Before returning the data, strip out the pictures and keep everything else exactly the same.

RAW DATA:
---------------

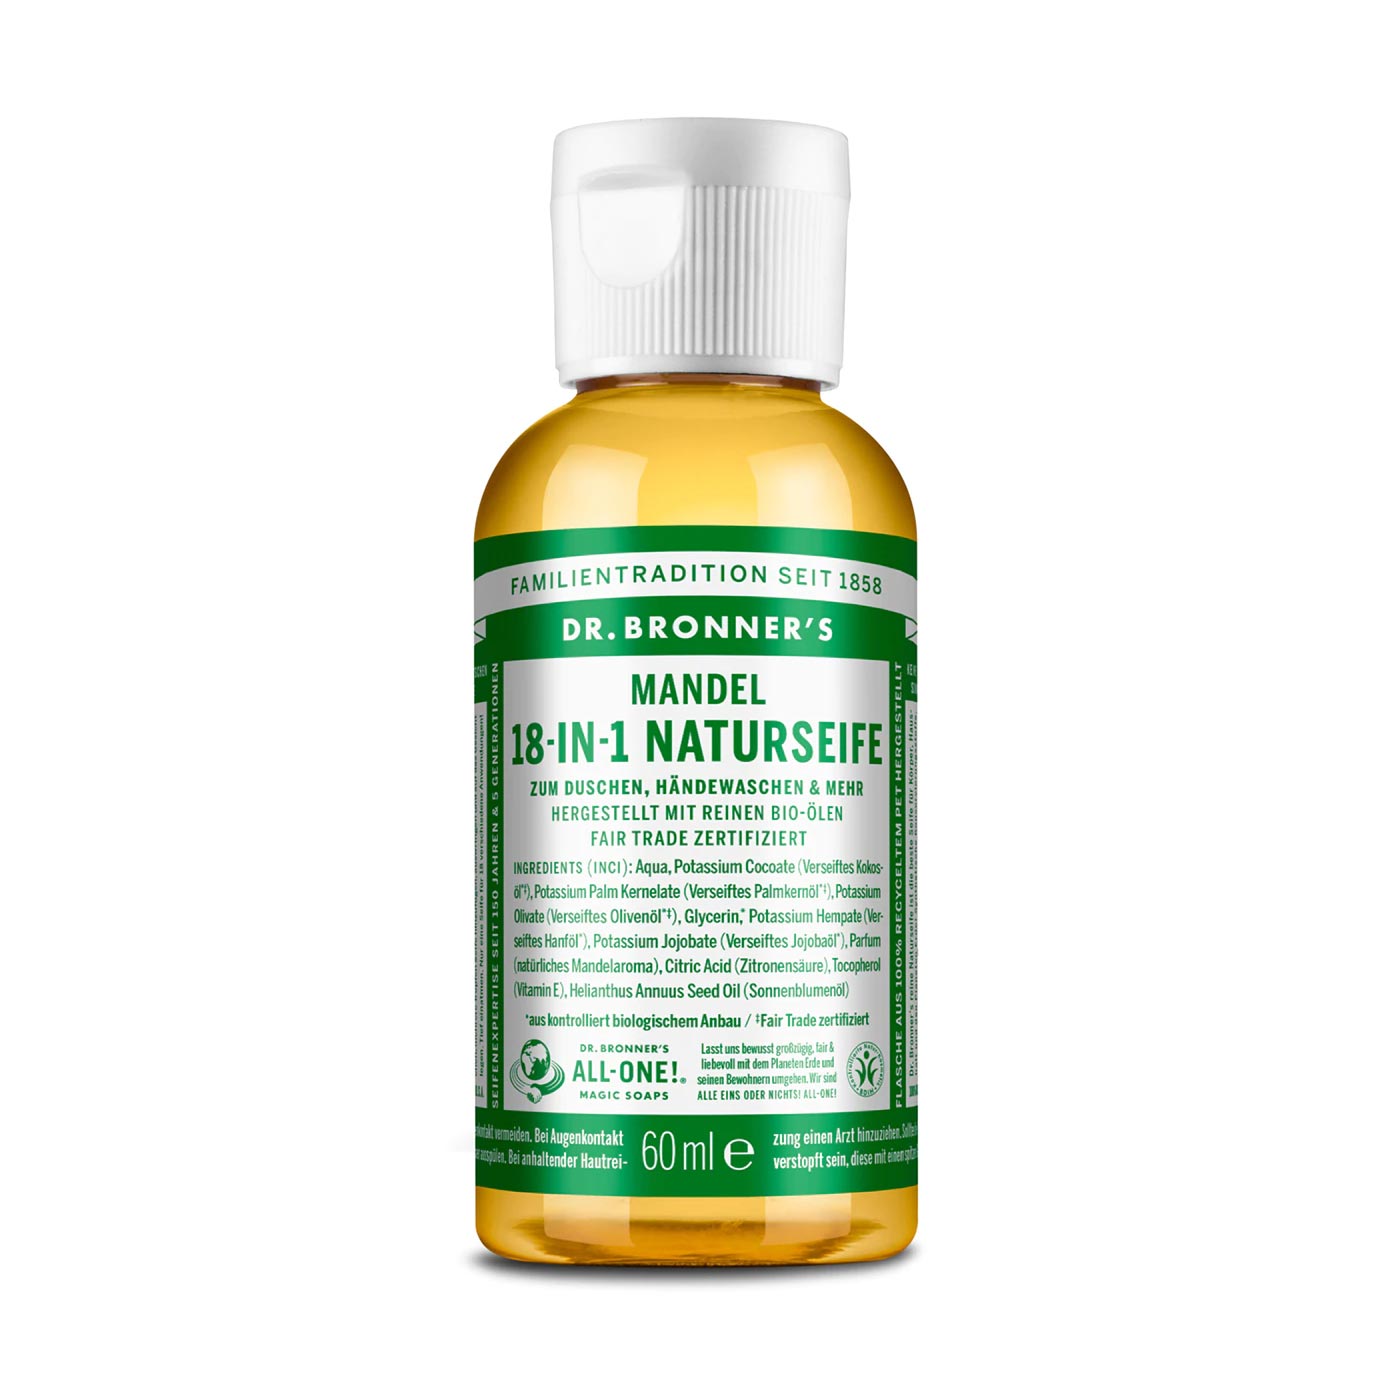 Dr. Bronner's 18-IN-1 Natural Soap (60ml)
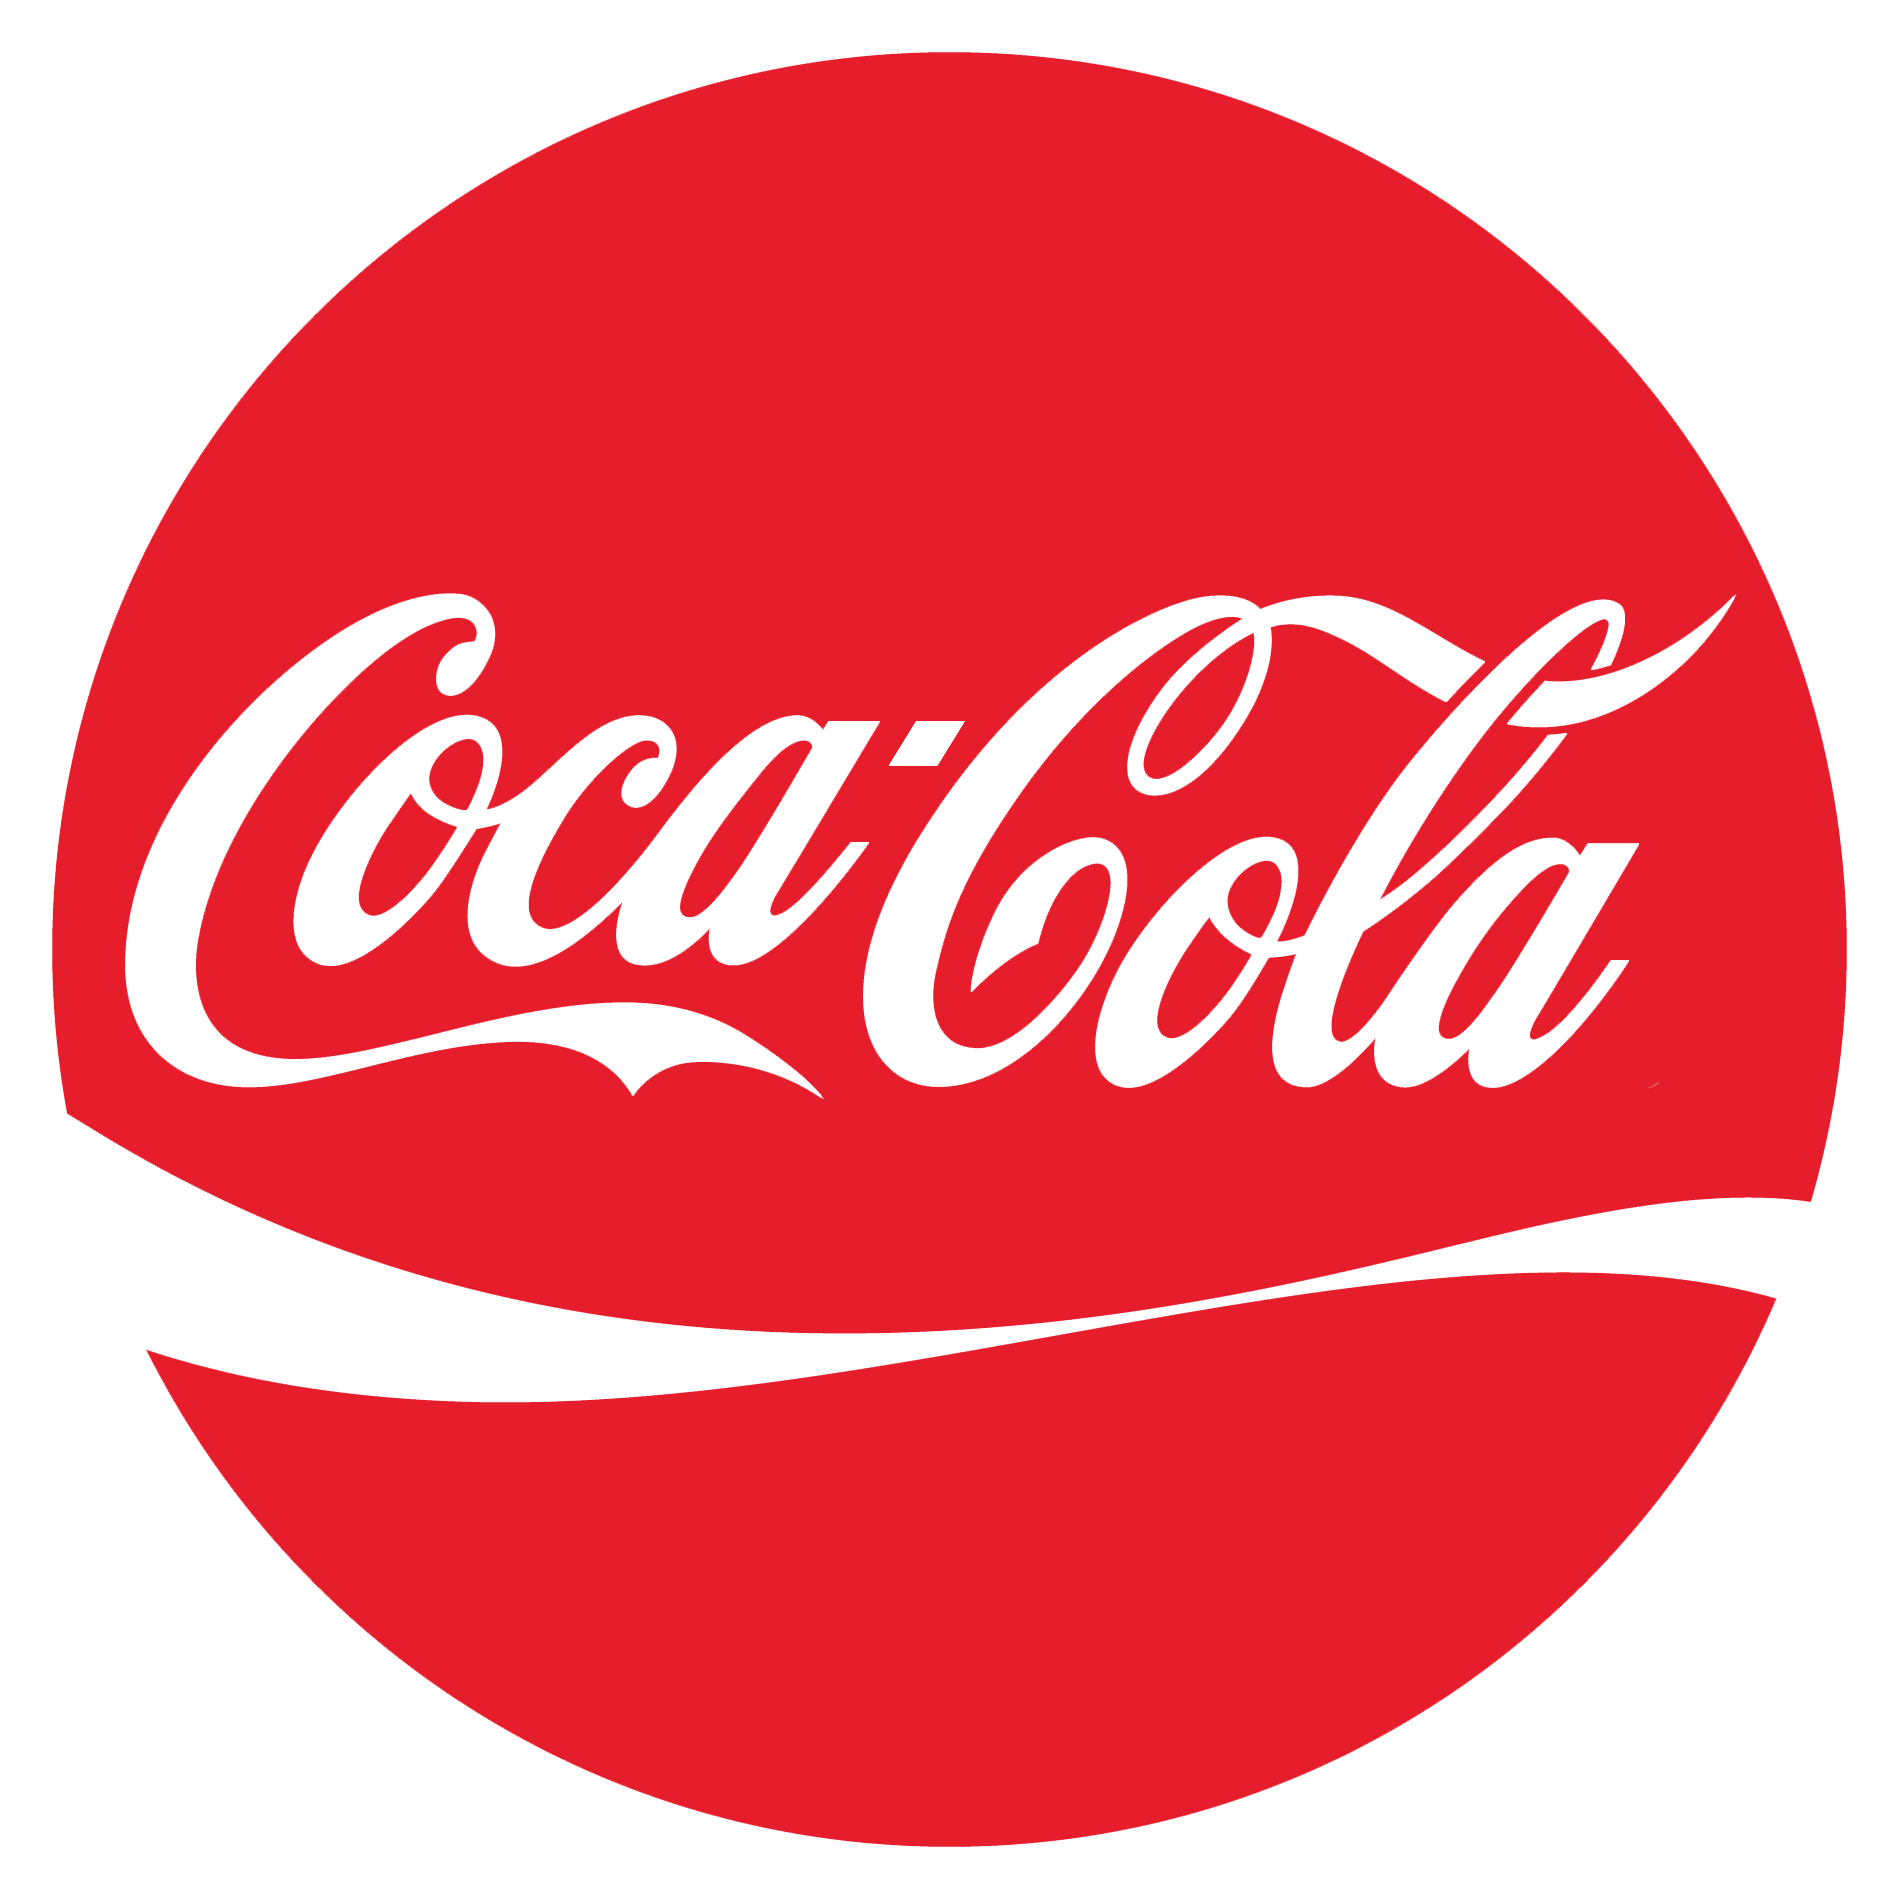 Coca-Cola Logo - Coca-Cola Logo, Coca-Cola Symbol Meaning, History and Evolution
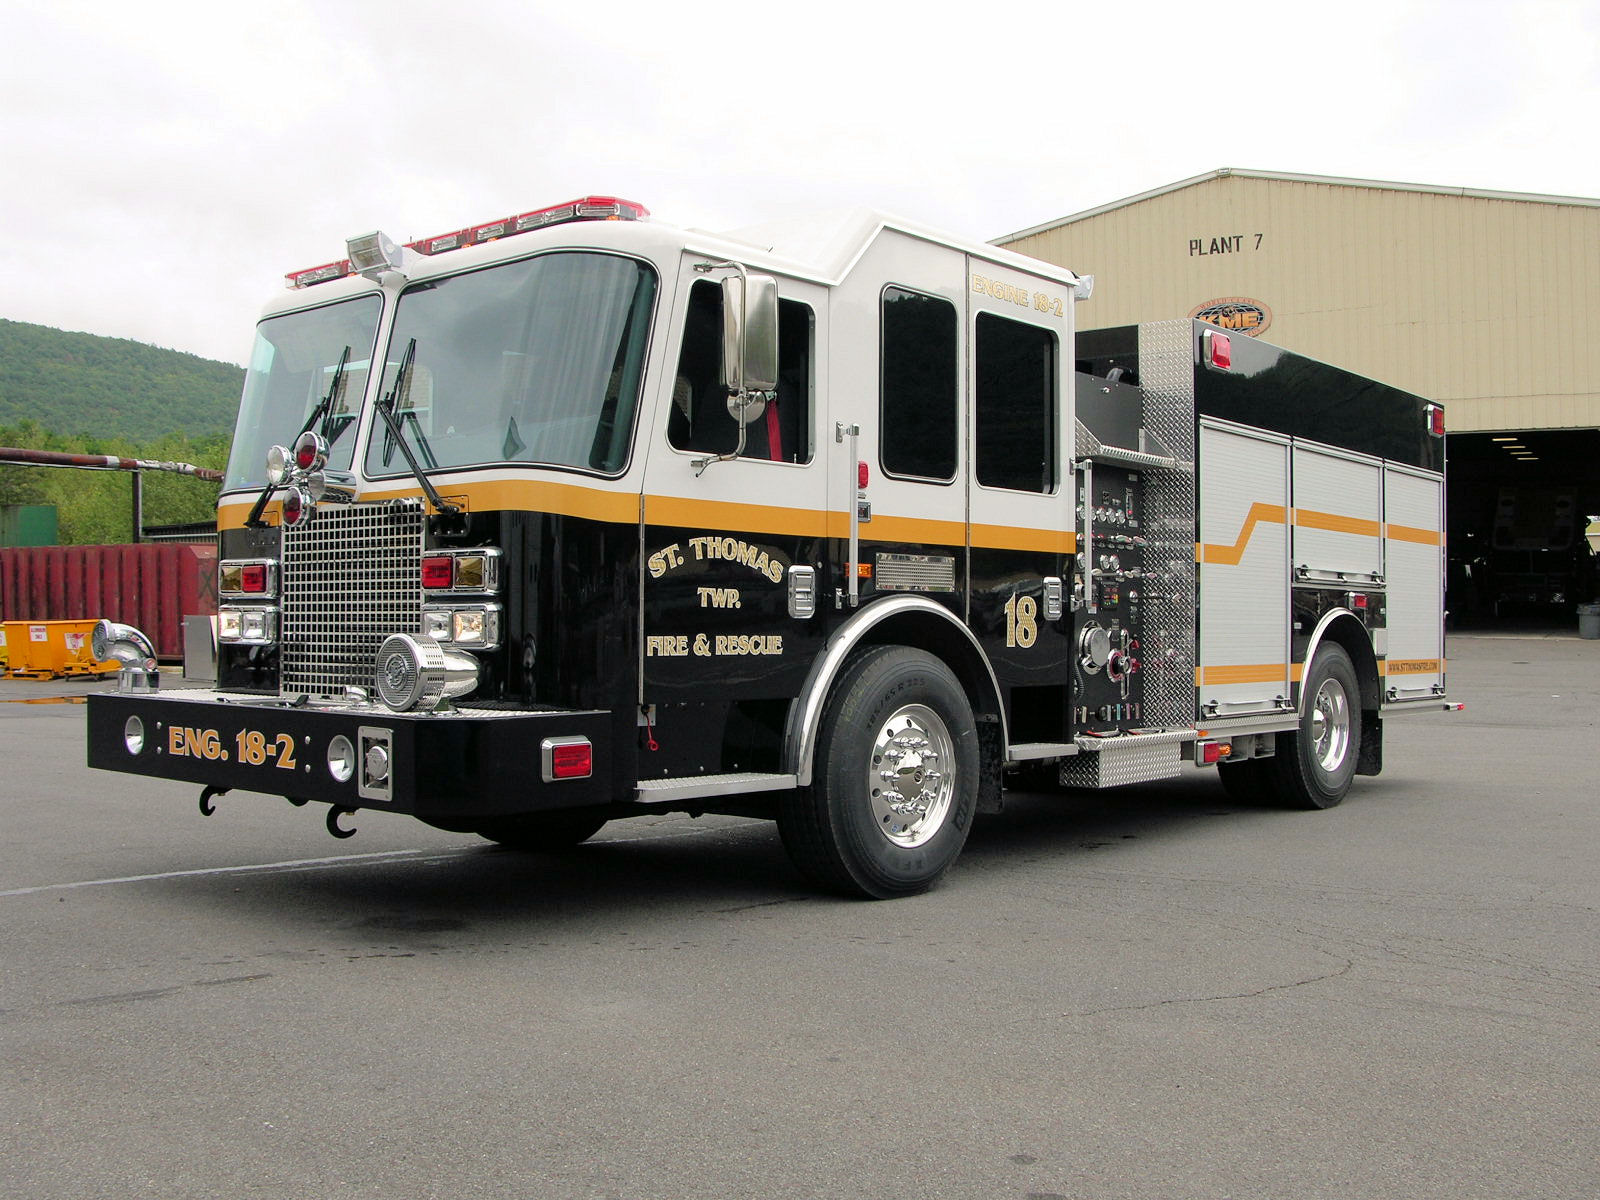 st-thomas-twp-fire-rescue

---------------

SOLUTION FOR THIS TASK:
 Dr. Bronner's 18-IN-1 Natural Soap (60ml)
 Coca-Cola Logo - Coca-Cola Logo, Coca-Cola Symbol Meaning, History and Evolution
 st-thomas-twp-fire-rescue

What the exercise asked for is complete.